JN : c'est la seule partie qui m'intéresse vraiment à jouer au piano: le moment où il commence à chanter et à reprendre ma voix.

Dans quelles circonstances avez-vous ecrit la chanson Caterpillar avec, en plus, la voix de Sam SPARRO ?

JN : Sam SPARRO et moi avons écrit cette chanson lors d’un bel après-midi. Nous l'avons enregistrée dans une version unique, et je suis ravi d’avoir pu la mettre dans ce nouveau disque! Pour en revenir à l'interprète, quand je joue avec un chanteur, j'essaie d'être les notes qui doivent être jouées mais qui sont laissées de côté.

Pouvez-vous nous parler du morceau Beautiful Colours ; un des plus étonnants de l’album, de par son style et de son orchestration moderne, souvent répétitive ? En particulier avez-vous utilisé des sonorités électroniques ?

JN : C'est l'un de mes morceaux préférés sur l'album. C’est aussi parmi les plus difficiles à jouer en concert ! Ce titre représente le mélange entre le classique, le jazz et un pavot, voire un thème de danse. C'est-à-dire une chanson qui vous emmène presque en transe. Nous n'utilisons pas d'électronique lorsque nous le jouons en concert.
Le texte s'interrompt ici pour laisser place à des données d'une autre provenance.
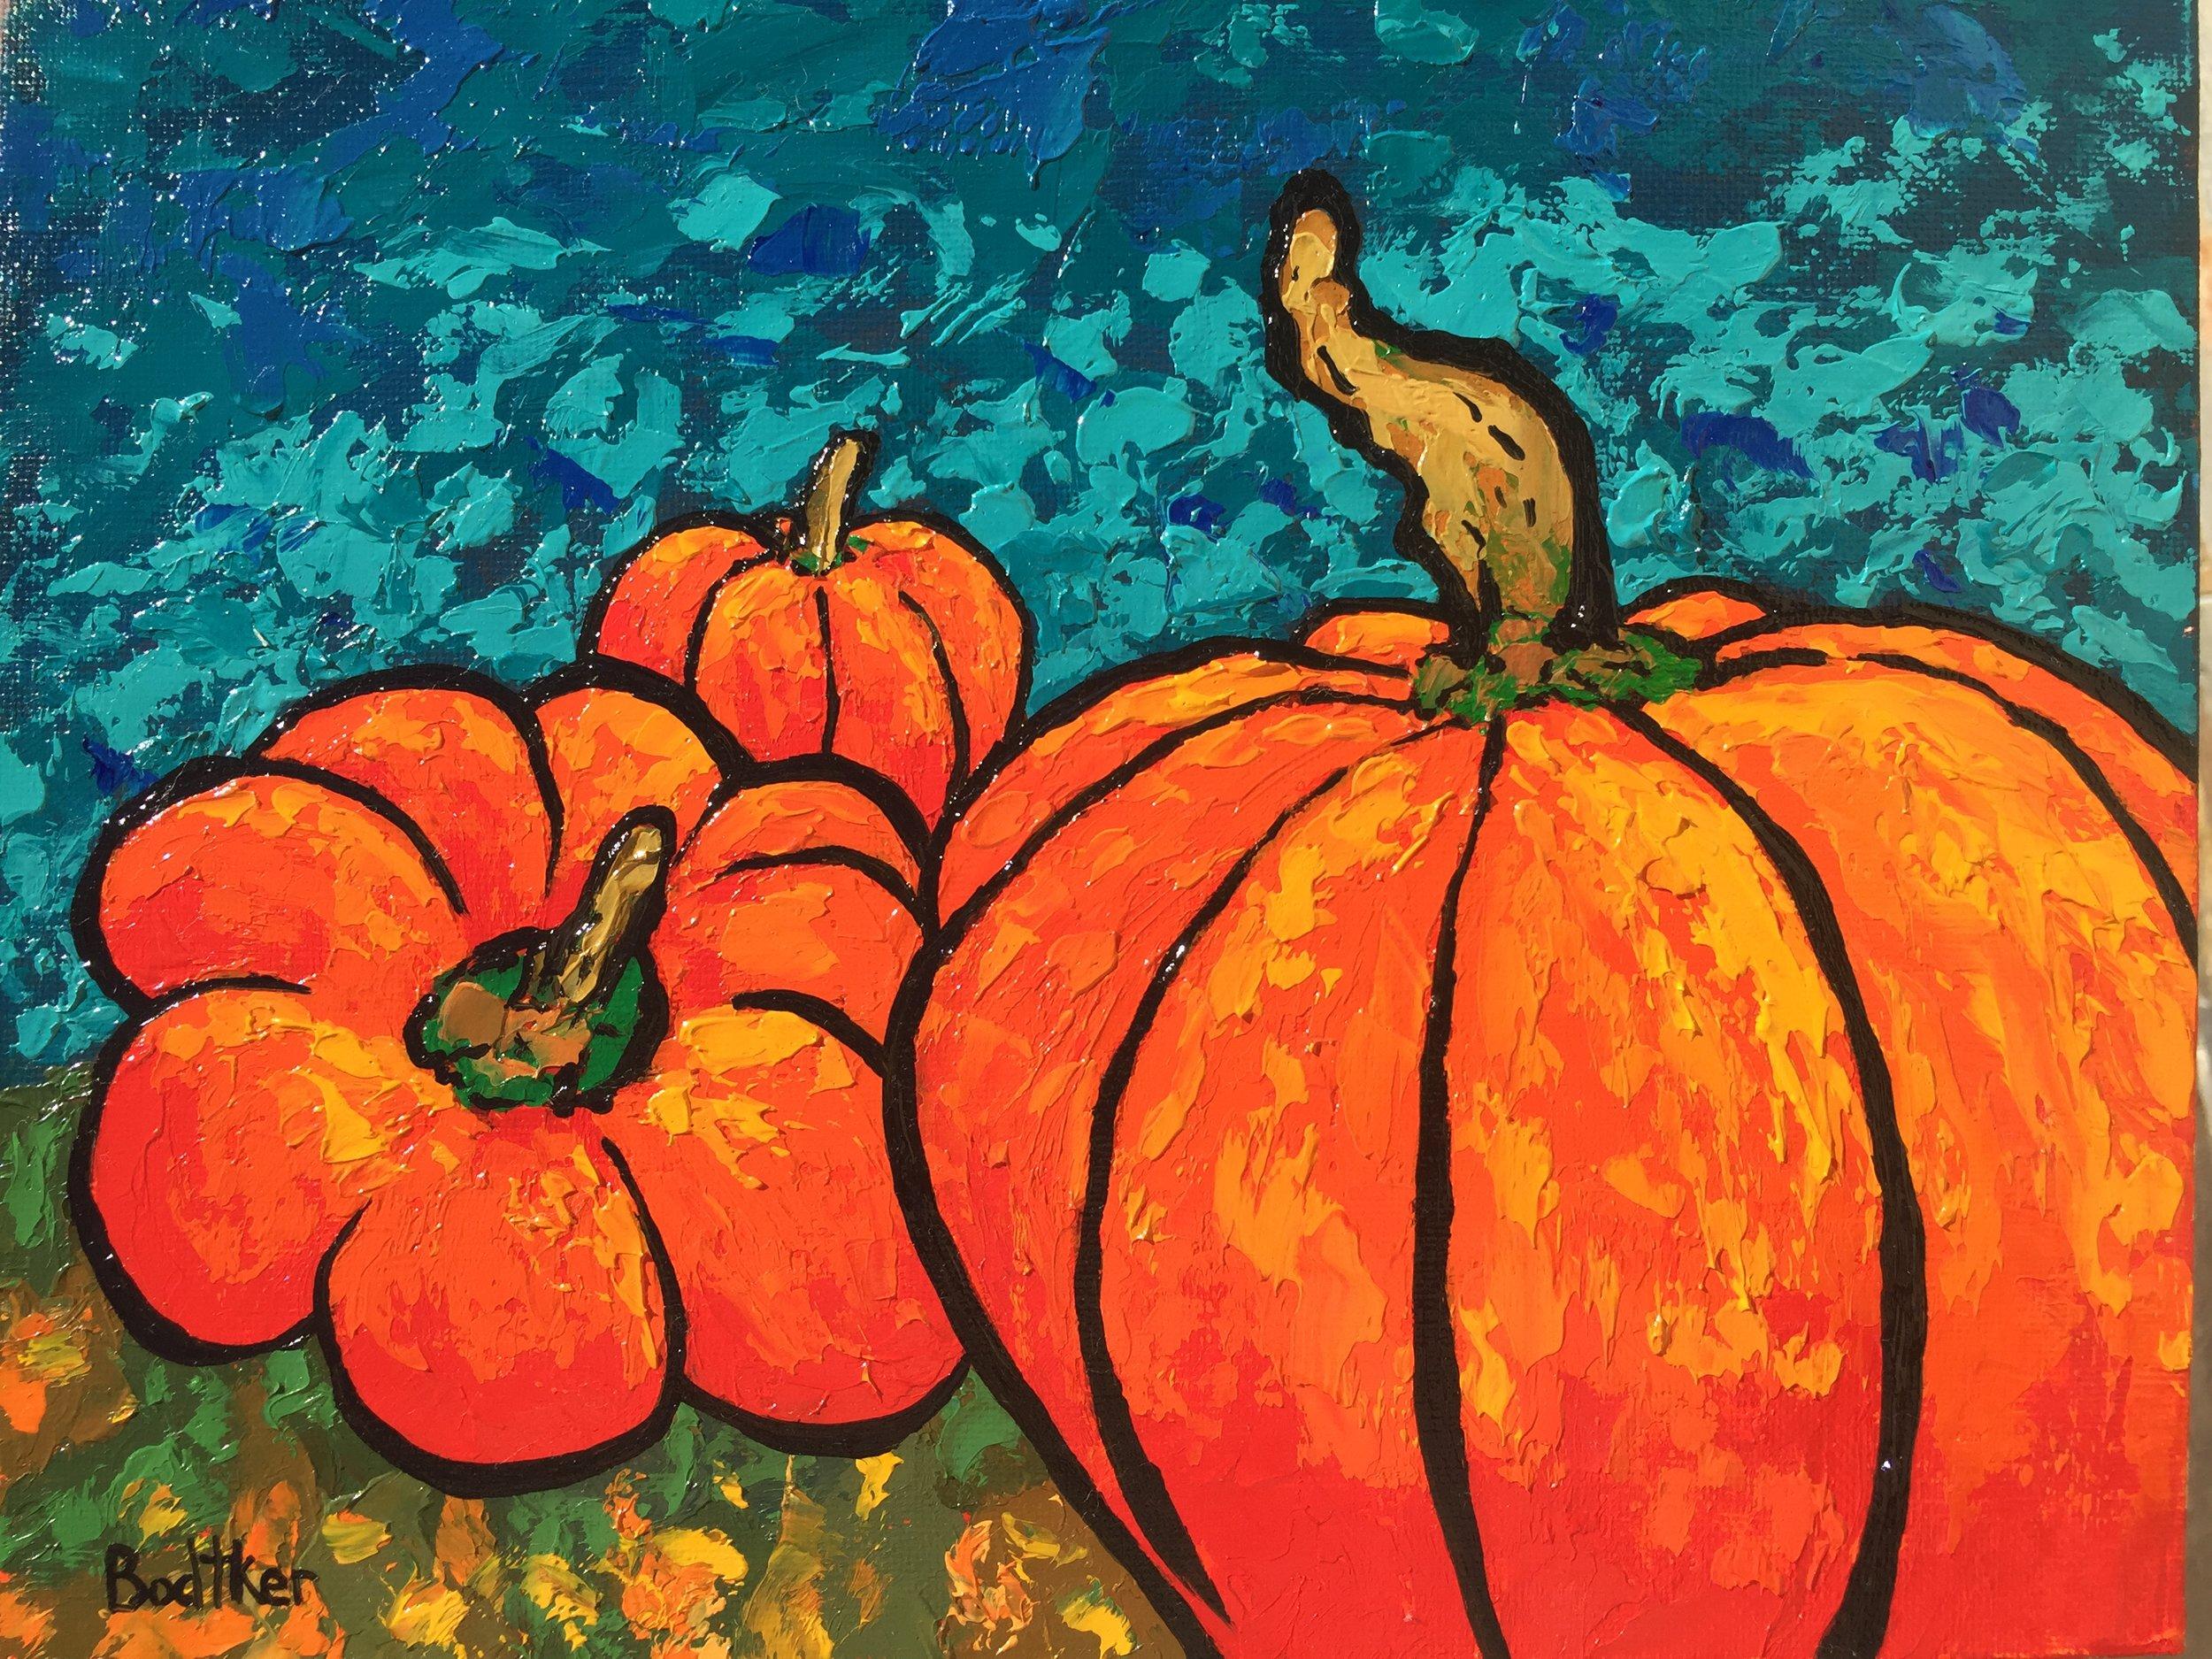 Pumpkin Patch - 8x10

Mais nous l’exécutons d’une manière que j’appelle "jazz it up" ; c’est-à-dire avec des rainures de batterie !

Quel est le morceau qui, selon vous, vous représente le plus dans cet album ?

JN : ton appel! Mais je suppose que la chanson titre de l’album me représente tout autant !

Pourquoi avez-vous intitulé le dernier morceau Paris, Place Sainte Catherine ?

JN : Pour la même raison, j'aime cette magnifique petite place à Paris, où vous pouvez vous asseoir et vous détendre jusque tard dans la soirée. C’est un endroit particulier pour moi ; J'y ai perdu mon cœur !

Vous avez été pianiste sur la musique du film THE ARTIST ; connaissiez-vous Ludovic BOURCE avant ? Sur ce film, vous êtes-vous contenté de jouer du piano ou avez-vous apporté des idées ? Quel souvenir gardez-vous de cette collaboration et du succès de cette musique ?

JN : ma collaboration sur ce film, pour moi, cela a représenté une histoire simple, tranquille même ! Les producteurs m'ont appelé le jour où ils ont commencé les enregistrements pour me demander si je pouvais jouer les parties du piano. Ils m’ont expliqué qu'ils n'étaient pas satisfaits de ce qu'avait fait le premier pianiste.

Comment avez-vous réagi a cette mise sous pression ?

JN : je peux vous dire que je n'ai jamais été plus stressé qu'à ce moment. Mais Ludovic BOURCE savait très bien ce qu'il voulait. Je lui ai donc joué la musique comme il le voulait. Tout simplement.

Vous avez été étonné que cette musique reçoive un Oscar ?

JN : pour moi, après la sortie, du film, il était tout simplement incroyable de constater que la bande sonore avait remporté un Oscar!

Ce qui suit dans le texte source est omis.